Technical principles of hydrogen utilization
Hydrogen can be used in a variety of applications. Basically, a distinction can be made between its energetic application and its use as a material. In material use, the chemical properties of the hydrogen molecule are exploited in the form of reactions with other chemical elements. Thus, hydrogen can be used to form new chemical compounds together with other elements or to change the composition and properties of existing compounds. On the other hand, hydrogen can be used to generate energy. Here, the chemical energy bound in the hydrogen is converted into electricity and/or heat.
Material use
Nowadays, hydrogen is used almost exclusively as a material. In 2020, the hydrogen amount used worldwide was around 90 million tonnes. In the last twenty years, the annual demand has increased by 50 %. The hydrogen used today is largely produced from fossil raw materials, apart from a few exceptional cases (see Chapter 2.1).

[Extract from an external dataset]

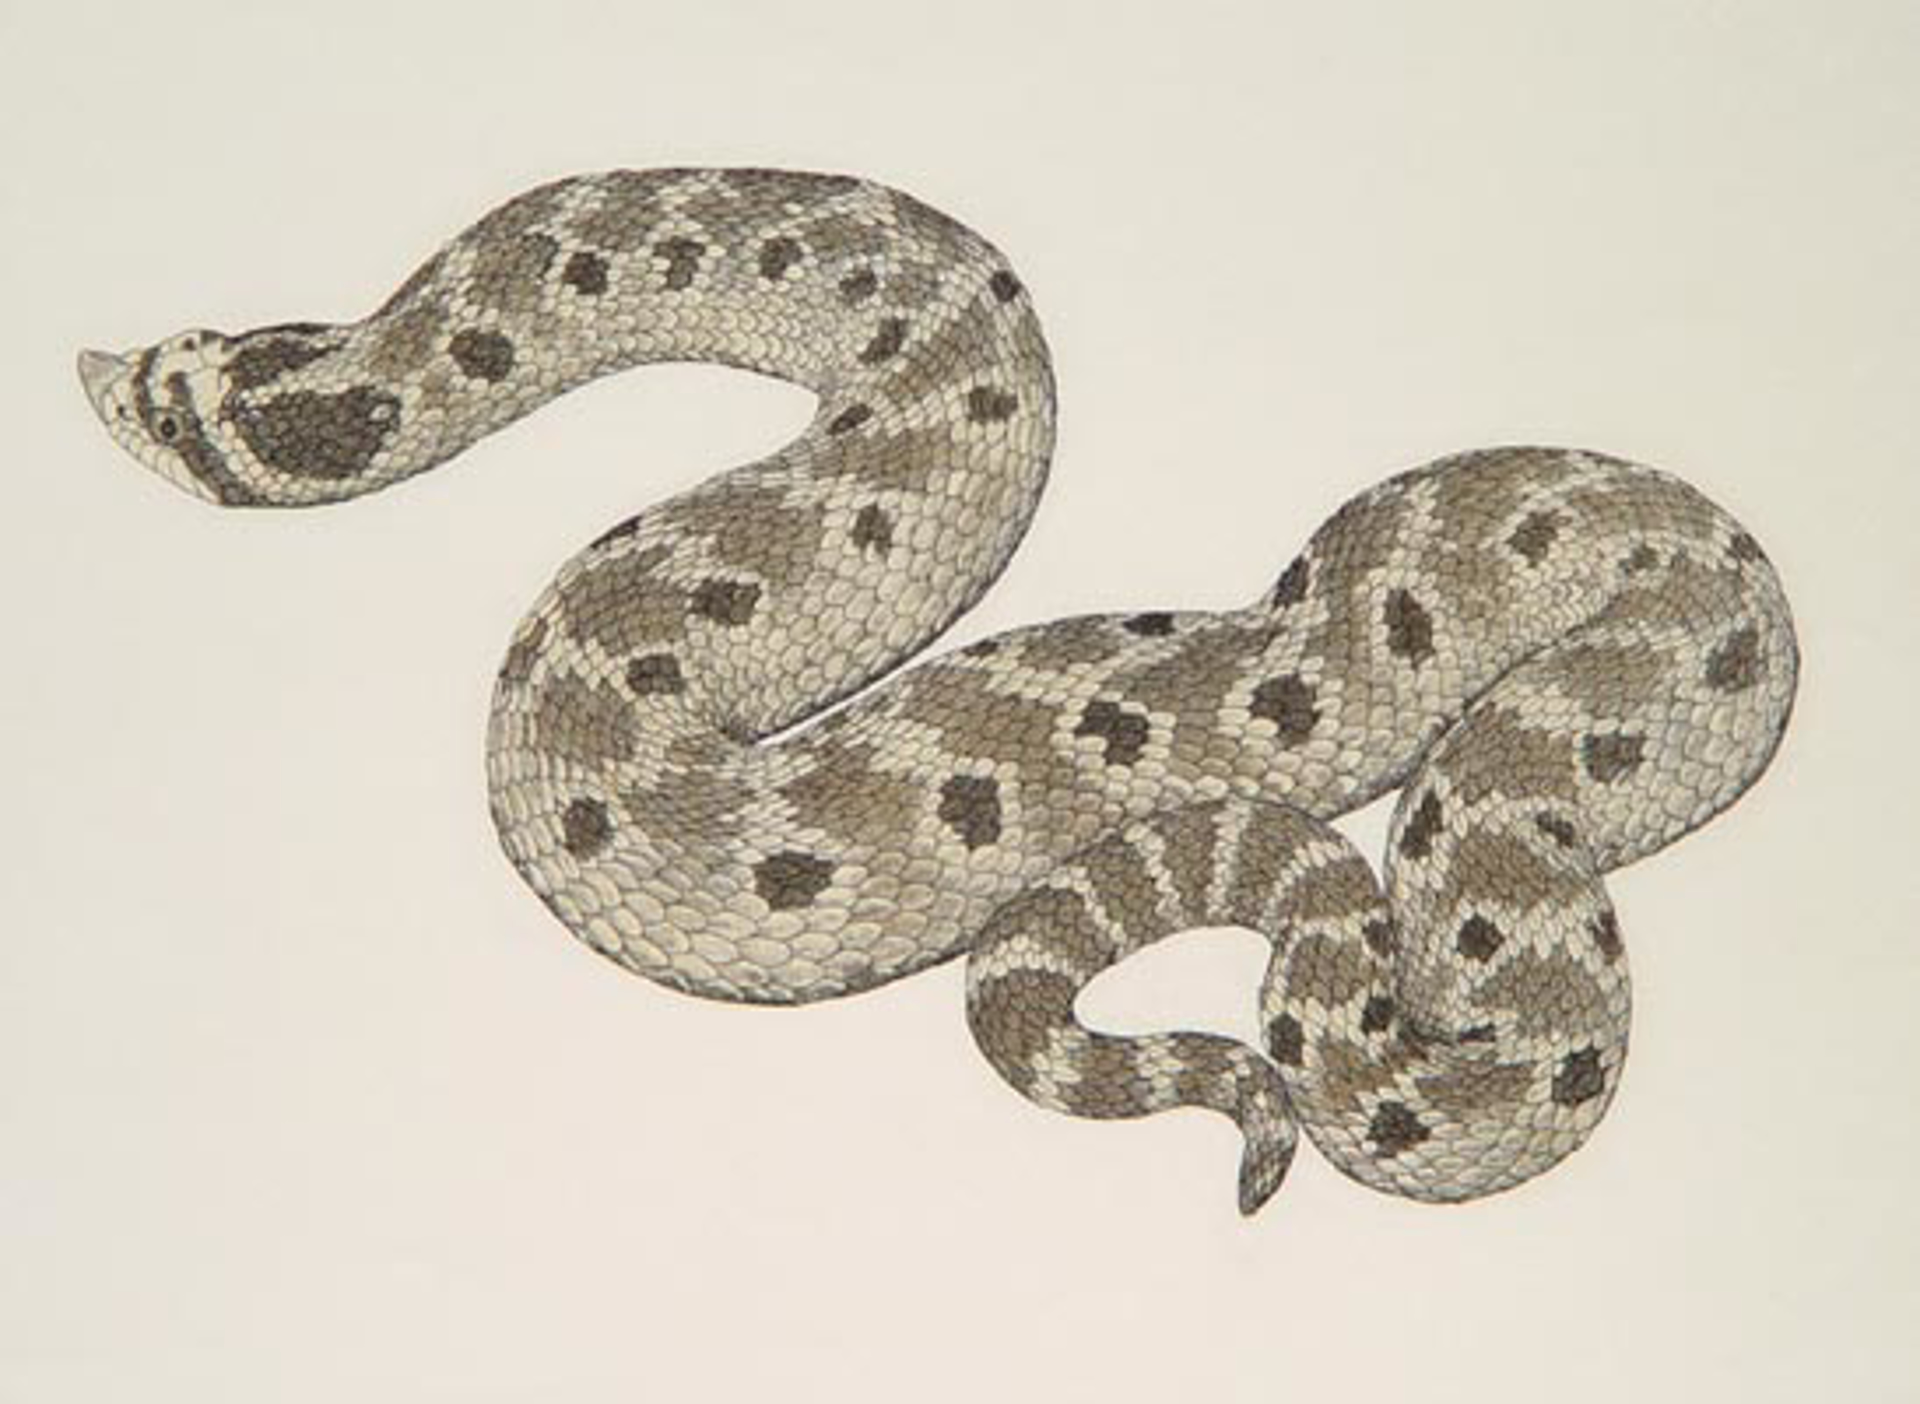 Mexican Hognose Snake by William Montgomery Prints
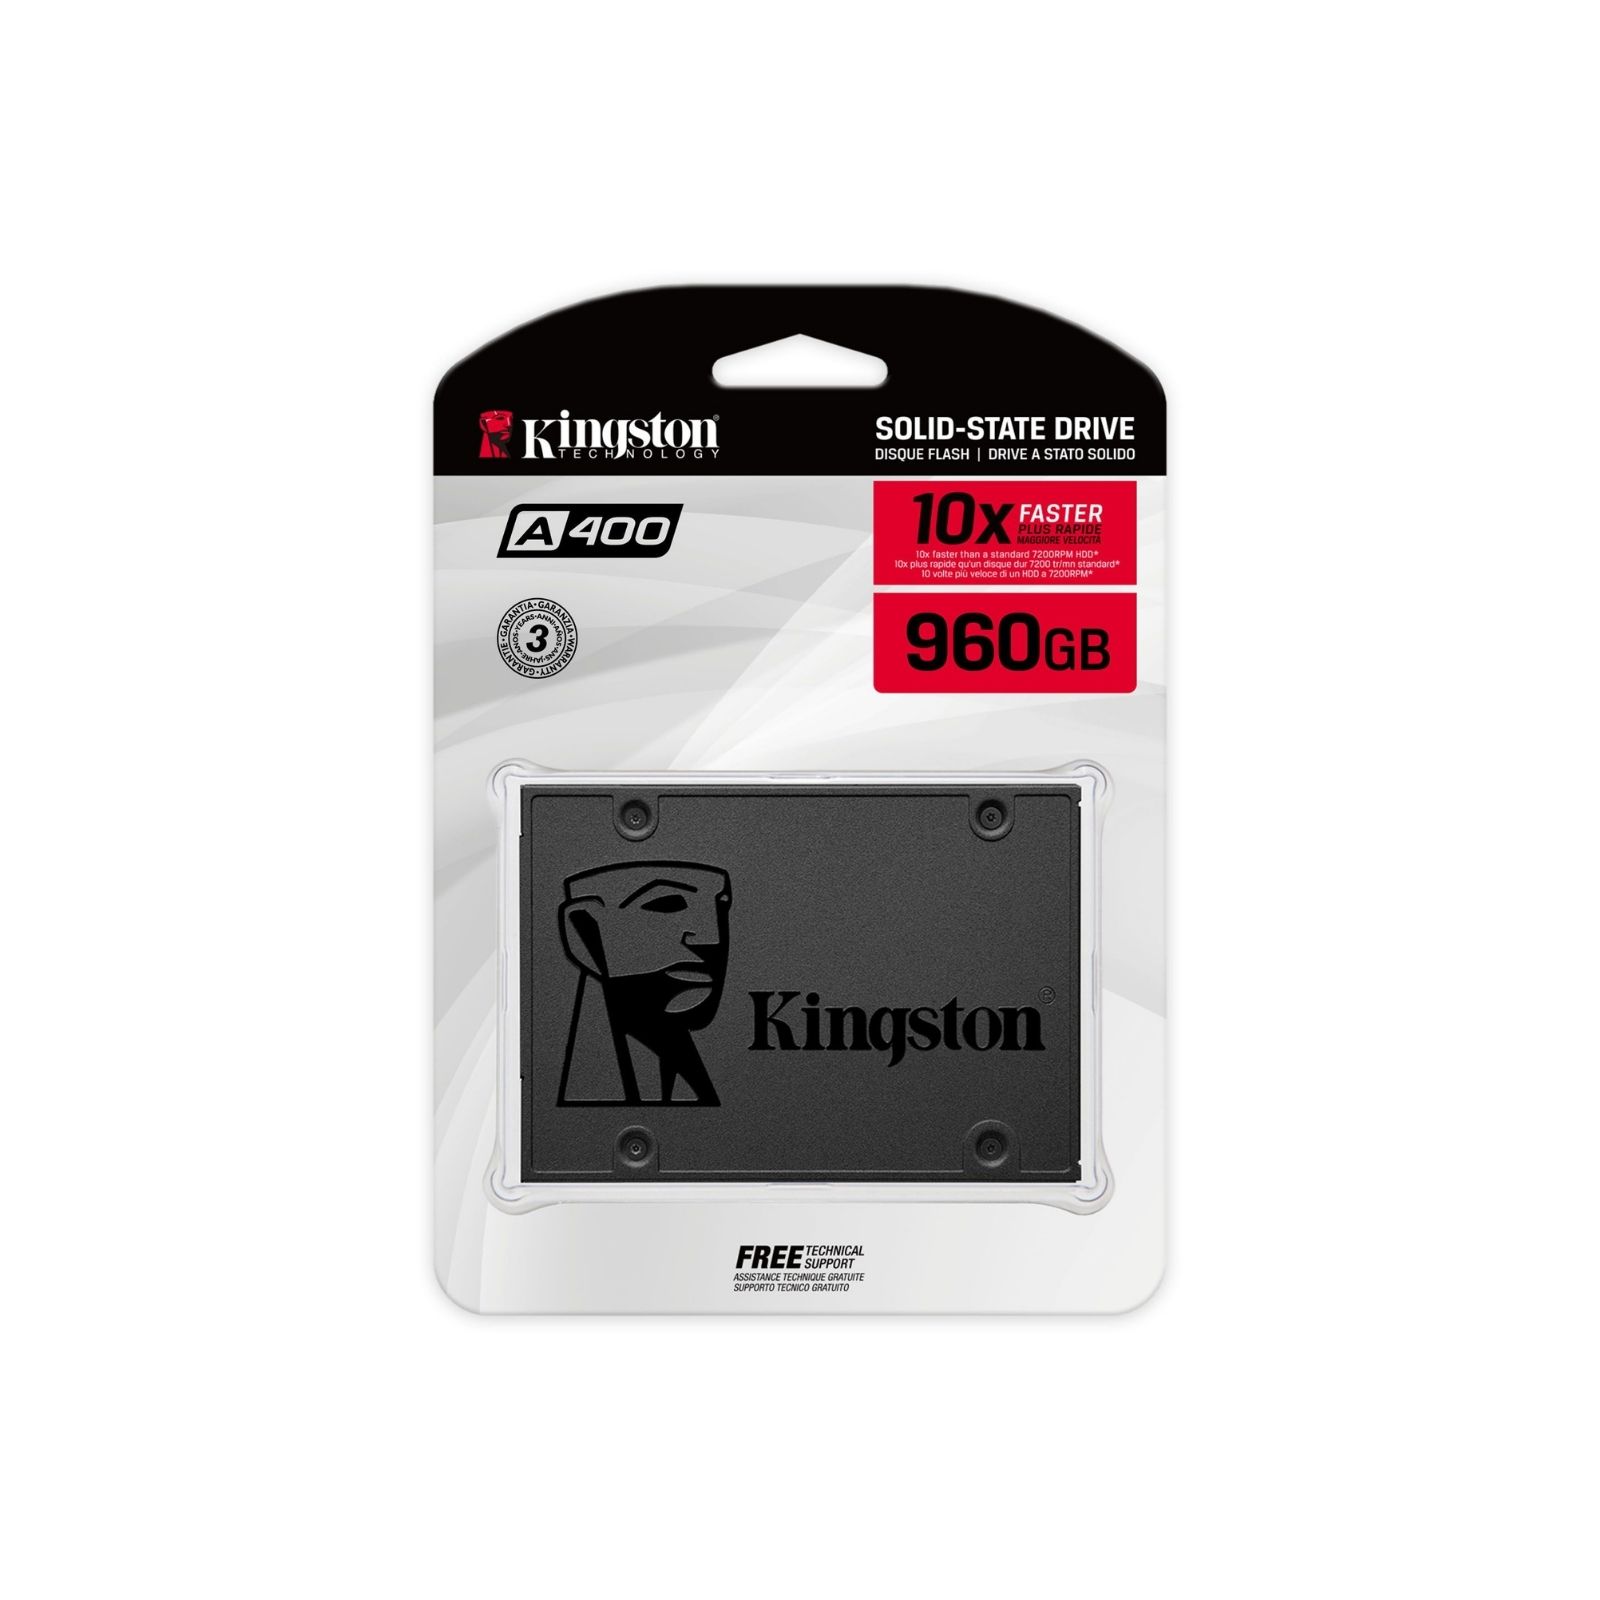 Kingston Sa400s37/960g A400 Ssd Tlc Solid-State Drive 2.5″ 960gb Sata6g – Phison's 3111-S11 Single-Core Controller / Dual-Channel With Ldpc ( Low-Density Parity Check ) Compressible Data (Atto) Read/Write : 500/450mb/Sec 1 Millions Mtbf W

Far more than 90 % of global hydrogen demand comes from crude oil refining and the chemical industry. At 45 million tonnes, the chemical industry accounts for about half of the total annual hydrogen demand. These 45 million tonnes are in turn mainly allocated to the production of ammonia and methanol. Hydrogen use in the production and processing of metals also accounts for a smaller share. Other, quantitatively insignificant fields of application for hydrogen are the food industry and its use as a coolant. The figure below gives an overview of the shares of the different application fields in global hydrogen consumption.
Energetic use
In today's energy system, the energetic use of hydrogen plays a subordinate role. In the course of increased sector coupling, however, especially green hydrogen could also be increasingly used as an greenhousegas-neutral energy source in the future, for example in the mobility sector. The energetic use of hydrogen can basically take place in two different processes. In addition to classical combustion, there is the possibility of using hydrogen in fuel cells. In the following, the basic principles of these two technologies for the energetic use of hydrogen are described.
Fuel Cells
In a fuel cell, the chemical energy bound in the hydrogen is converted directly into electrical energy. Due to the direct conversion without a thermal process - as it takes place in a classic gas turbine, for example - high efficiencies can be achieved with the help of fuel cell technology. Depending on the design, fuel cells can be operated not only with hydrogen but also with a hydrogen-containing fuel gas, such as natural gas (CH4). The design of a fuel cell is similar to that of an electrolytic cell and is shown schematically in the illustration below.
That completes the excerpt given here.